# Data block
<<<<
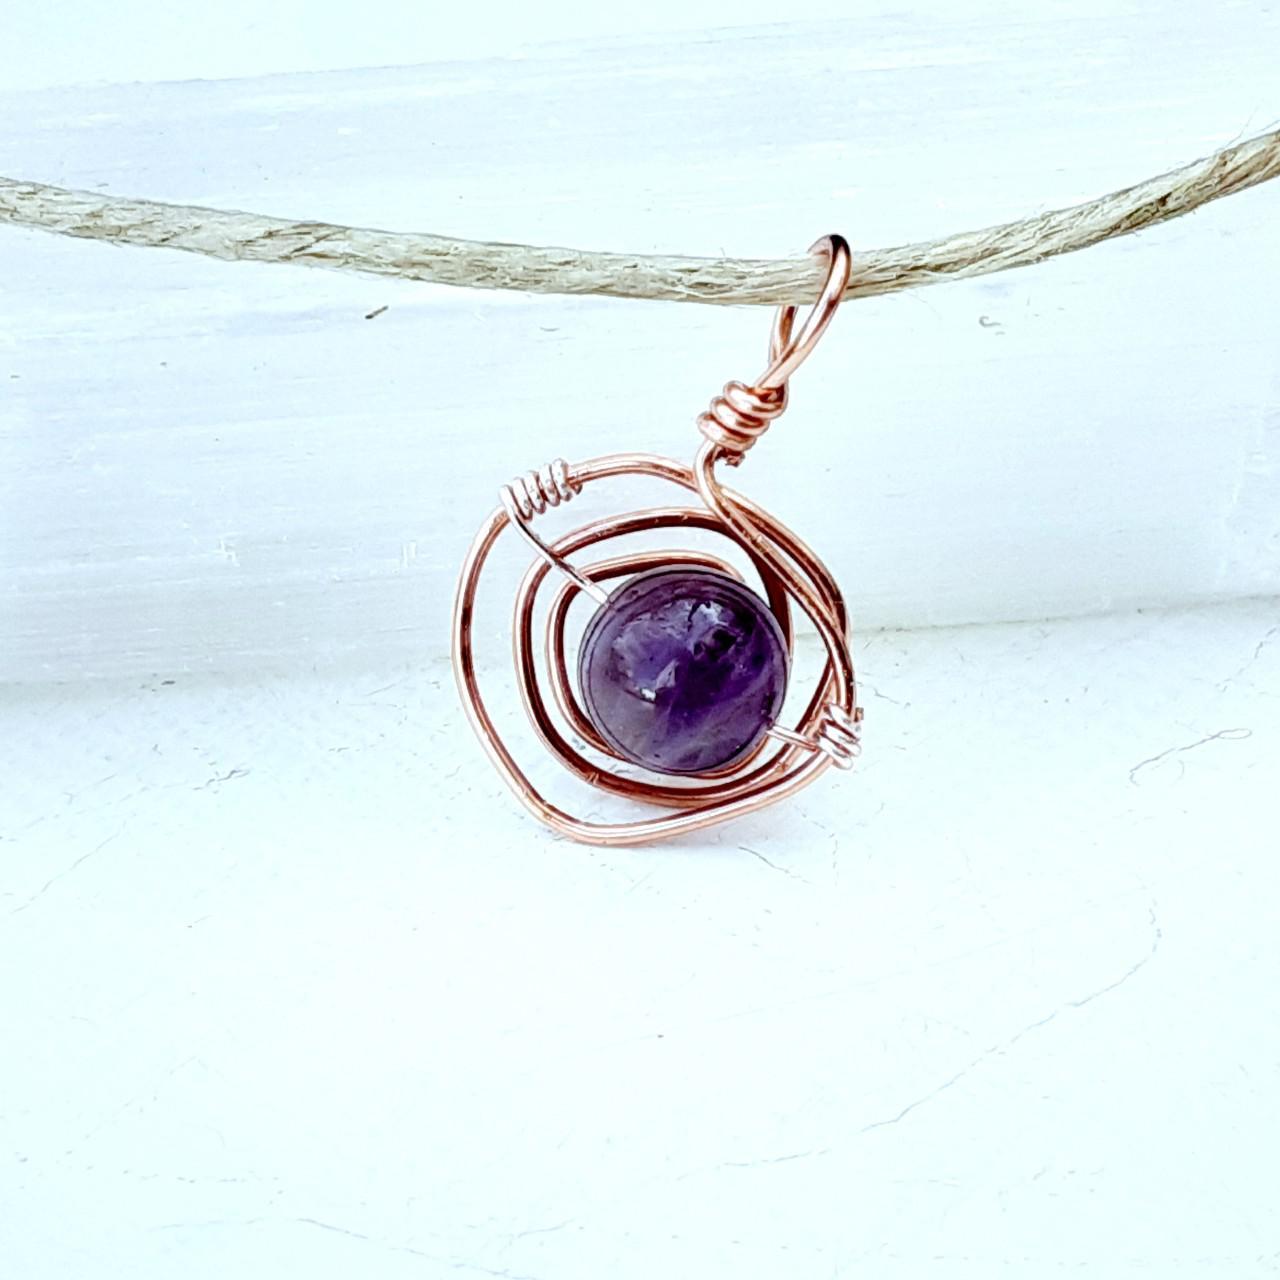 Product Image 1 - Hemp choker necklace
Copper swirl setting
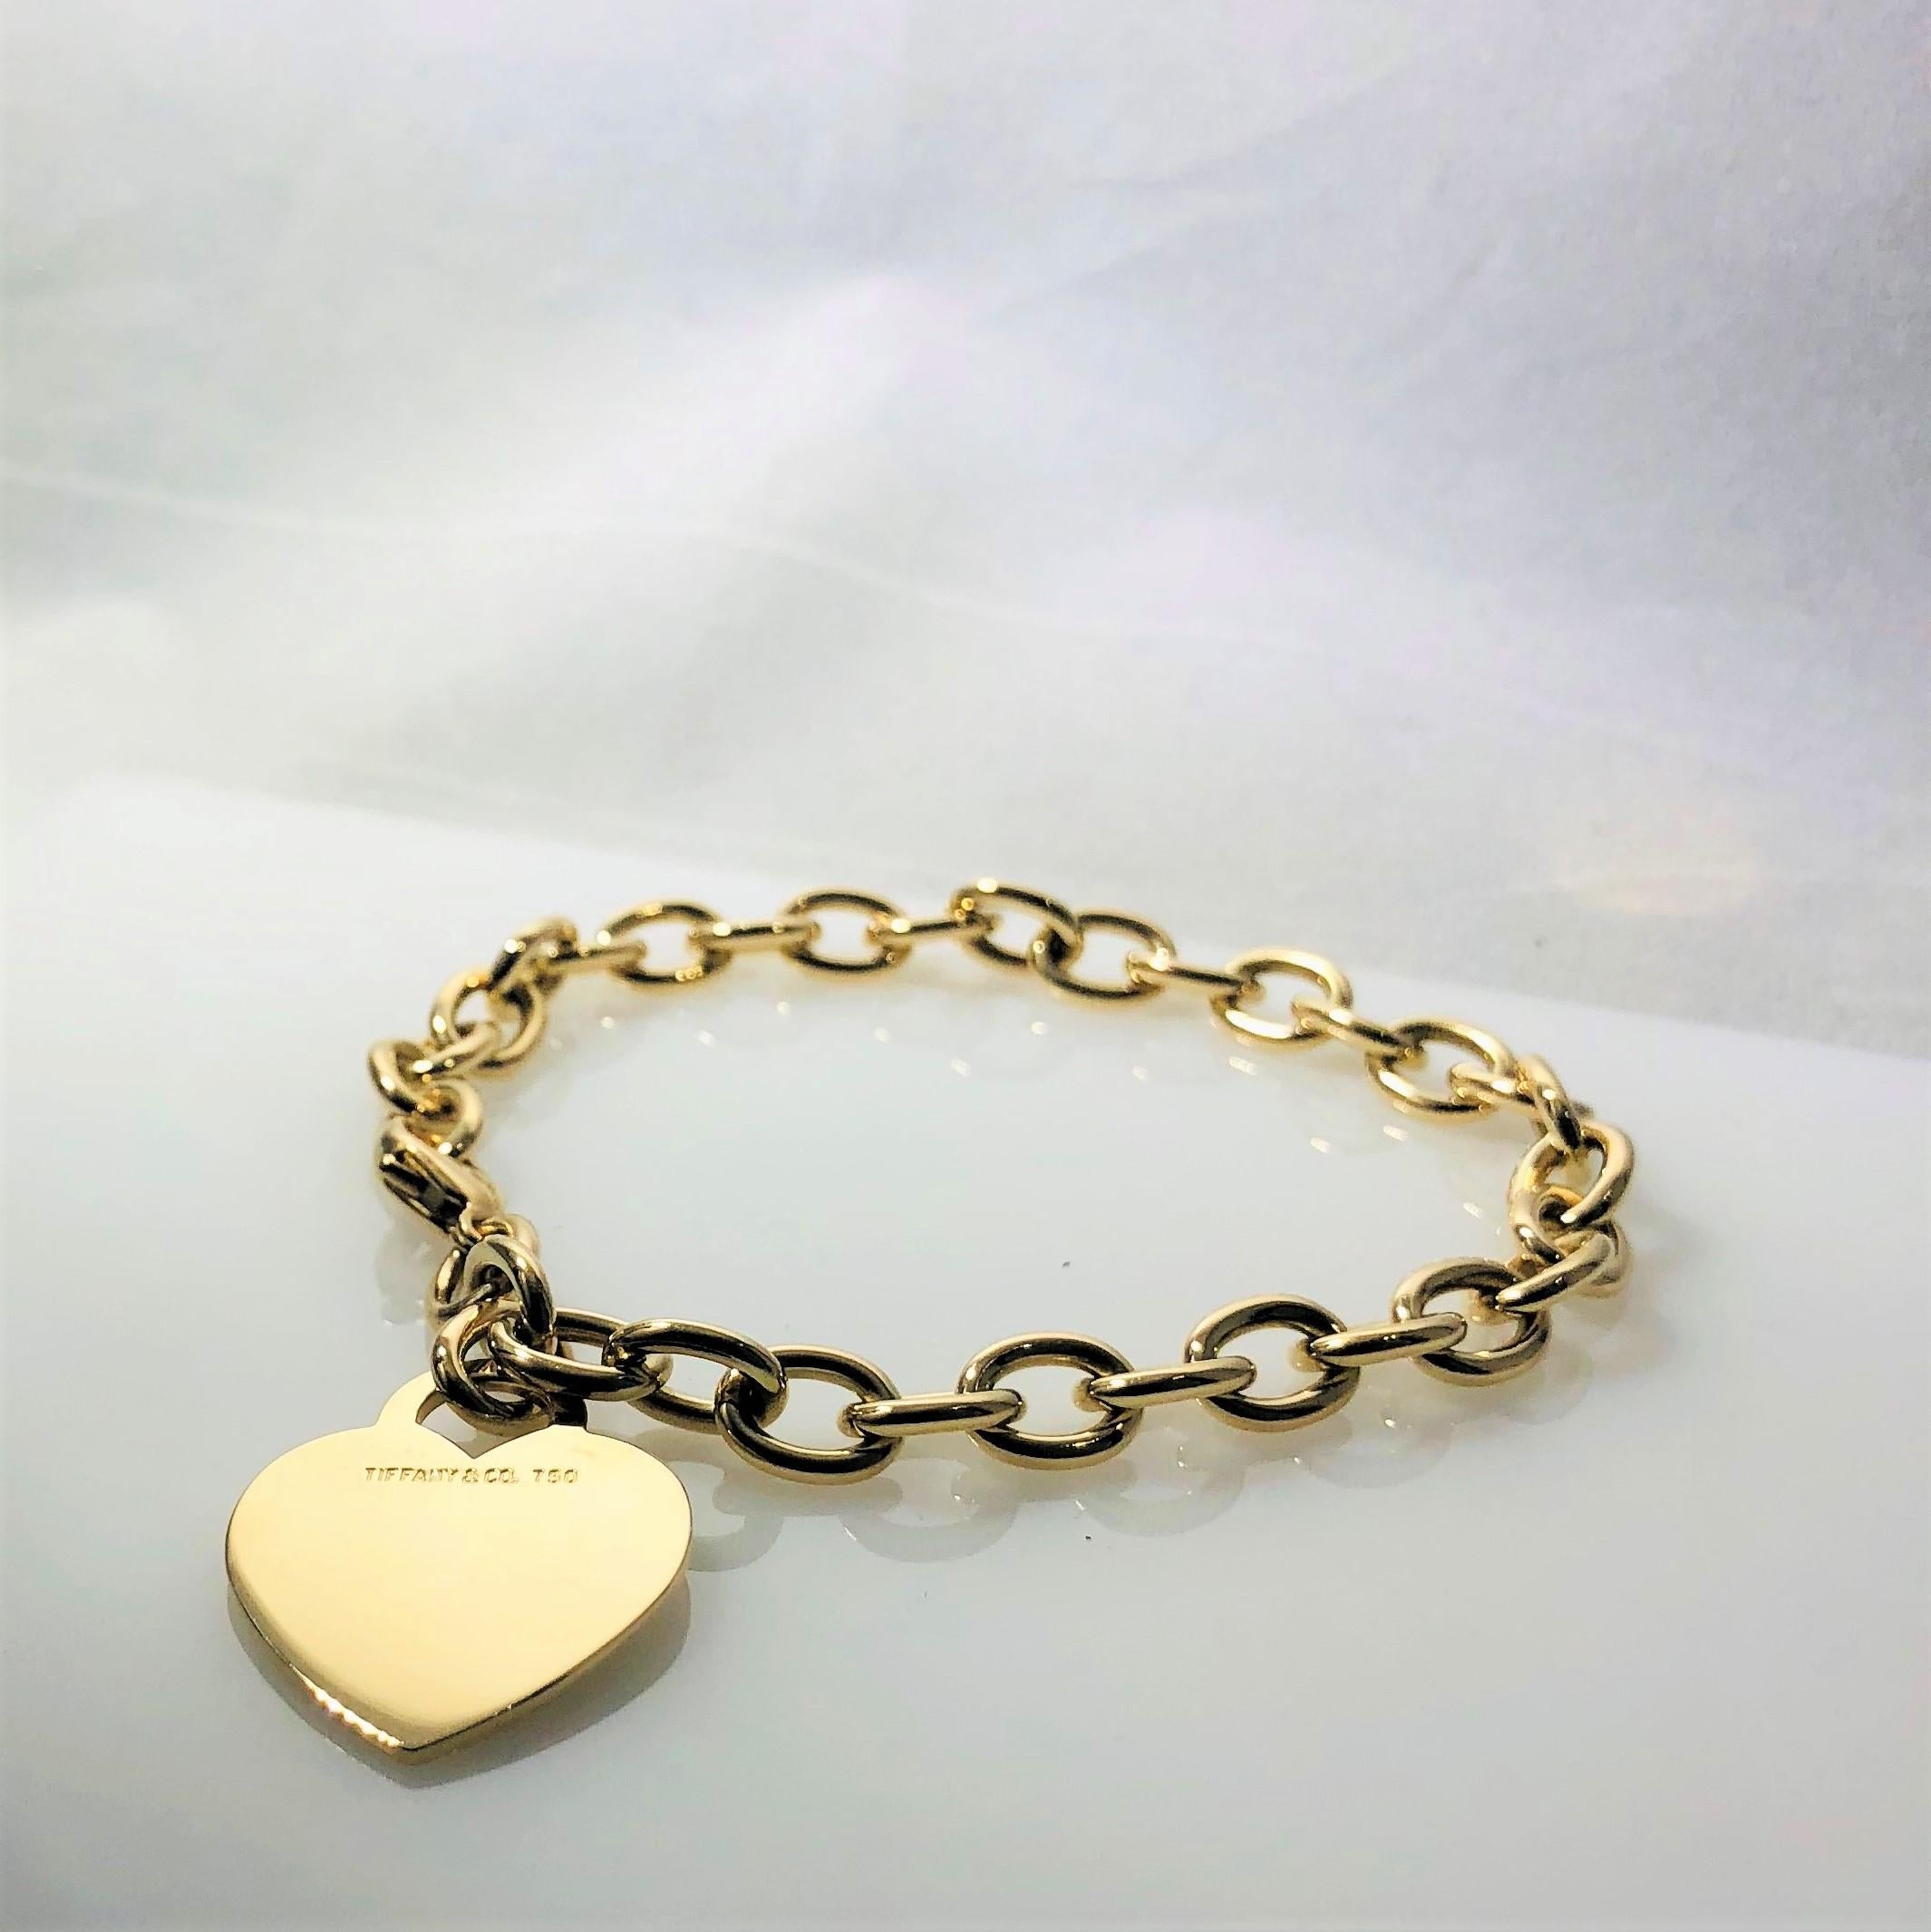 Contemporary Tiffany & Co. 18 Karat Yellow Gold Heart Tag Charm Bracelet
>>>>
Output nothing but the lines from the line with "Copper swirl setting" through the last line of the material above, please, word for word and without the pictures.

Copper swirl setting
 Contemporary Tiffany & Co. 18 Karat Yellow Gold Heart Tag Charm Bracelet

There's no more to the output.